British journalist Geoff Barton wrote a piece for Classic Rock magazine this past week titled Losing my way: how I fell out of love with my favourite band, Rush where he describes how Rush's Hemispheres album caused him to change his opinion of the band:

... When Hemispheres was released, it sounded as if Rush had metamorphosed into nothing less than a turgid, torturous techno-rock trio. Plus, to compound the agony, I didn't understand the 'conclusion' to Cygnus X-1, one of the outstanding tracks on ...Kings that the band had promised to wrap up on Hemispheres. I'm a simple sci-fi soul; all I wanted was to find out what had happened to the spaceship (the Rocinante) after it had plunged into an imploding star - a black hole. But instead of admitting the Klingons were to blame in a tidy Star Trek-style ending, Rush embarked on a baffling progressive-rock marathon packed full of allusions to Greek mythology. I'm sorry, but I didn't understand a word - or a note - of it. It took me ages to gather my senses and come to the grim conclusion that Rush weren't my No.1 band any more. ...

Barton references a couple of article he wrote for Sounds magazine, including his review of Hemispheres and his 1981 interview with Geddy Lee (thanks RushFanForever).

Earlier this week AXS TV aired a new episode of Top Ten Revealed where they counted down the Top Ten Rock Trios. To nobody's surprise, Rush came in at #1. Thanks to Alex M for the heads up.

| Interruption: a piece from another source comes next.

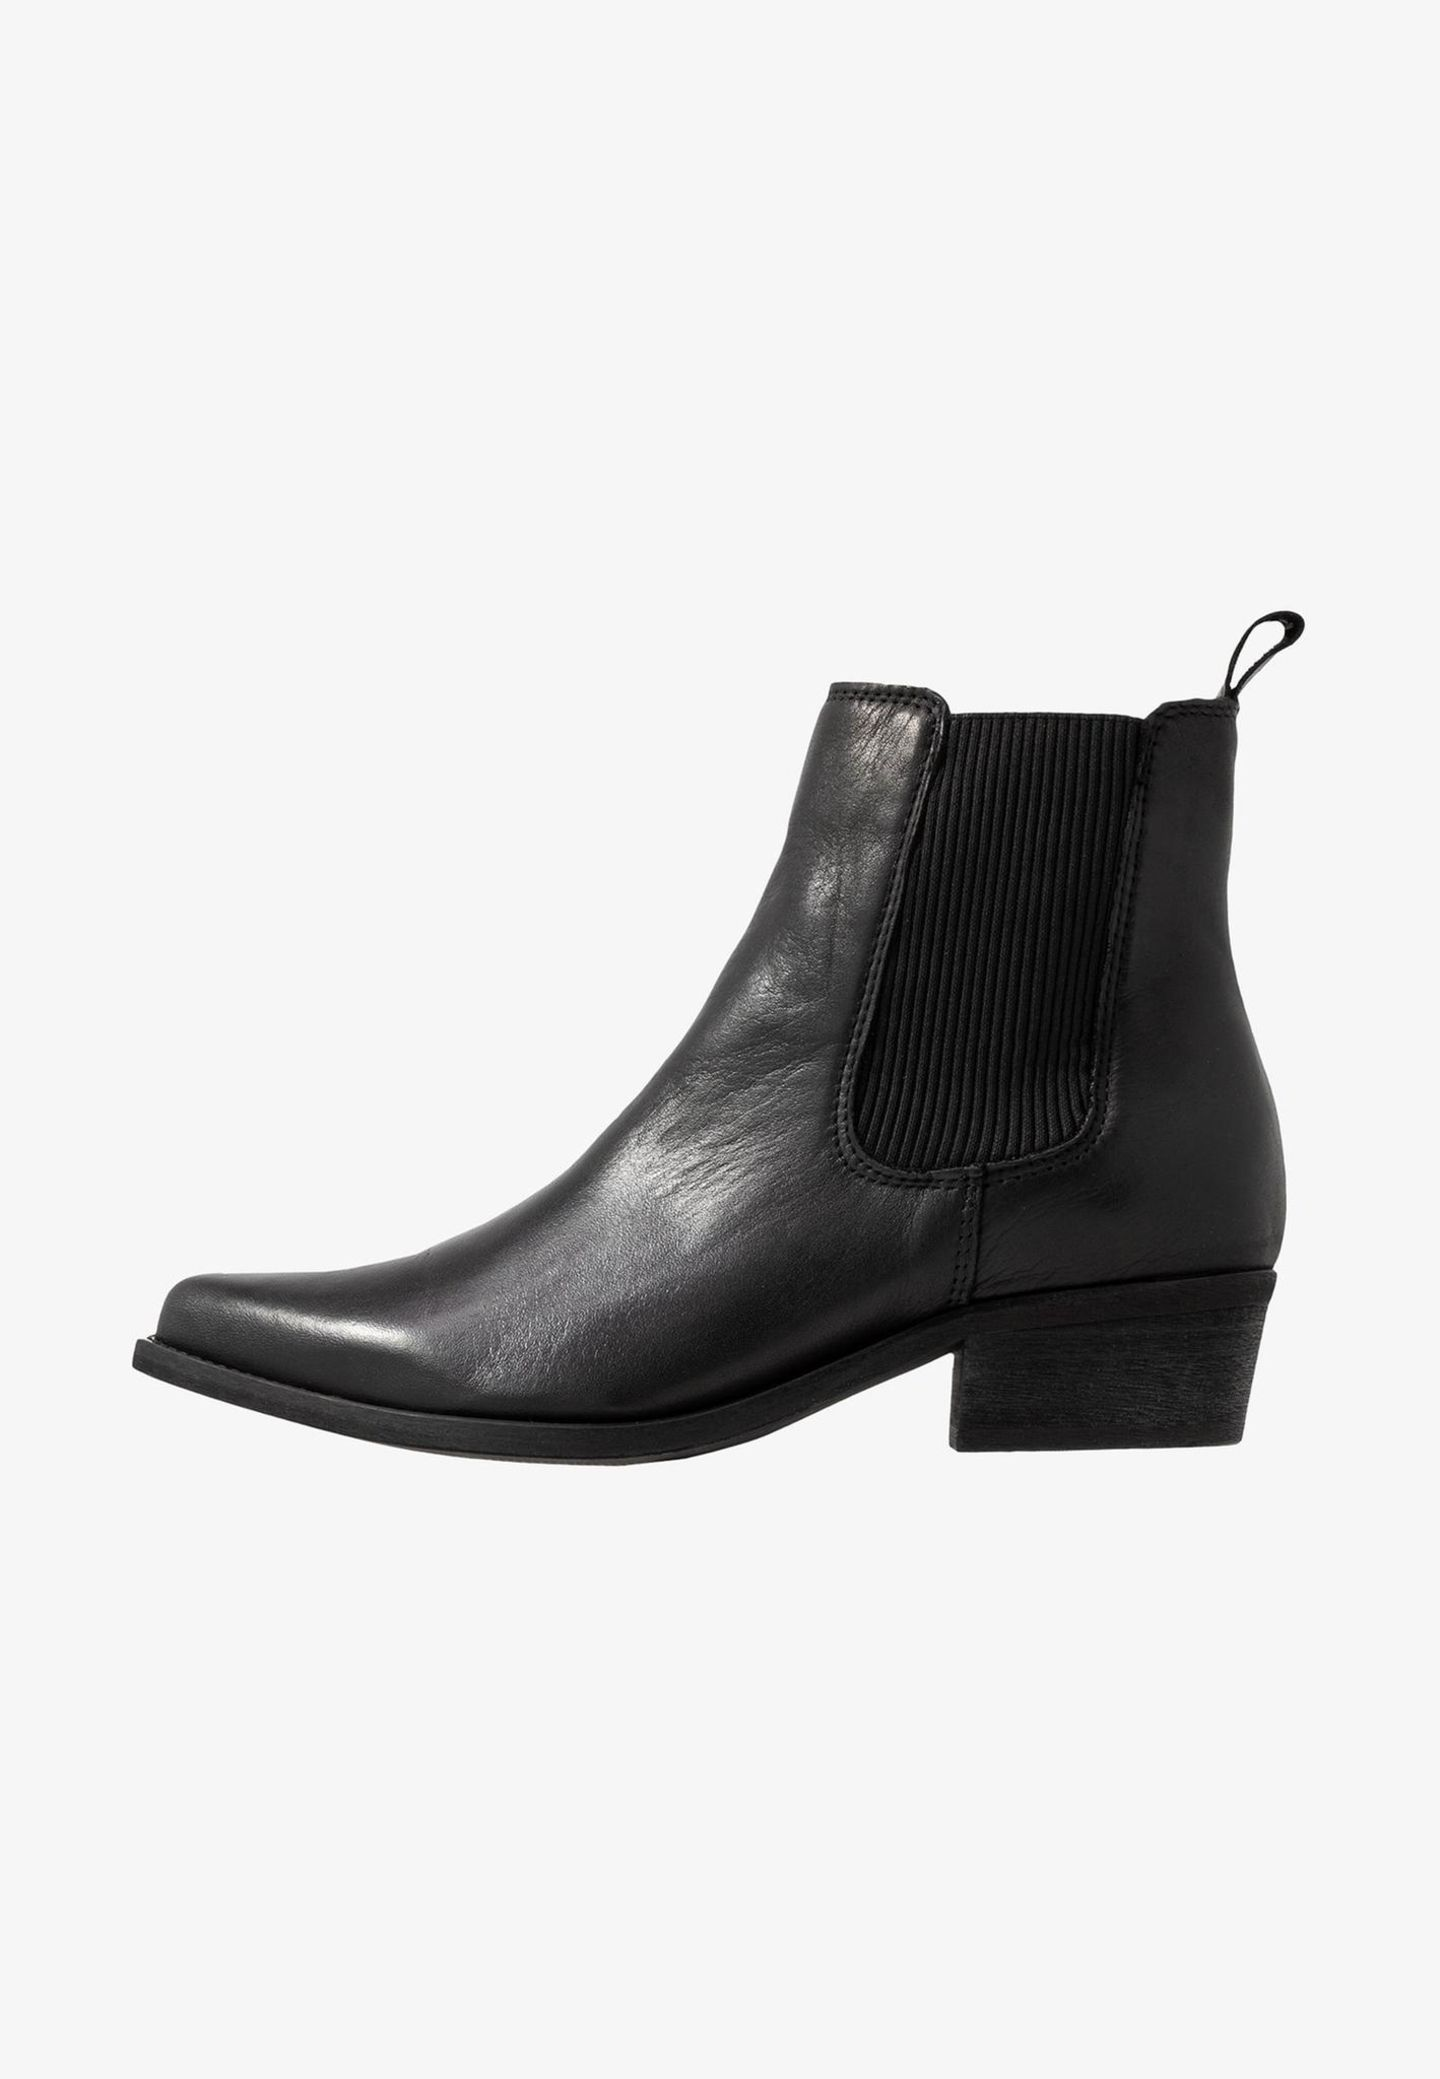 Mode-Klassiker: Bianco Chelsea Boots

Last month, Canadian band Nickelback were inducted into the Canadian Music Hall of Fame at the 2023 Juno Awards. The band also played live at the ceremony, and drummer Daniel Adair wore a Rush Permanent Waves t-shirt during the band's performance as seen in this clip (thanks RushFanForever). Prior to the induction, Adair and Chad Kroeger sat down with the American Songwriter to talk about the band's latest album Get Rollin', and also revealed their 5 favorite songs, one of which is Rush's Red Barchetta. posted their list of The Best Bass Players of All Time this past week, and Rush's Geddy Lee made the cut at #8:

Rush's greatness was always the sum of its individually talented three parts. Yet, Lee seemed to be the consistent face of the band. In fact, many pray to the altar of Rush, specifically Lee. While best known for his signature countertenor vocals, Lee always mastered the strings on his bass and continues to do so in life after Rush. He was exceptional in incorporating high treble to counter Alex Lifeson's guitar, making a more fluid unity between the two instruments. Bass gods Cliff Burton and Steve Harris are just two of the countless musicians who consider Lee a major influence on their successful careers.

This past week's edition (#175) of Rush Roundtable on the Rushfans YouTube channel featured a discussion on Presto's Available Light with special guest Donna Halper:

That's all for this week. Have a great weekend and a Happy Easter everyone!!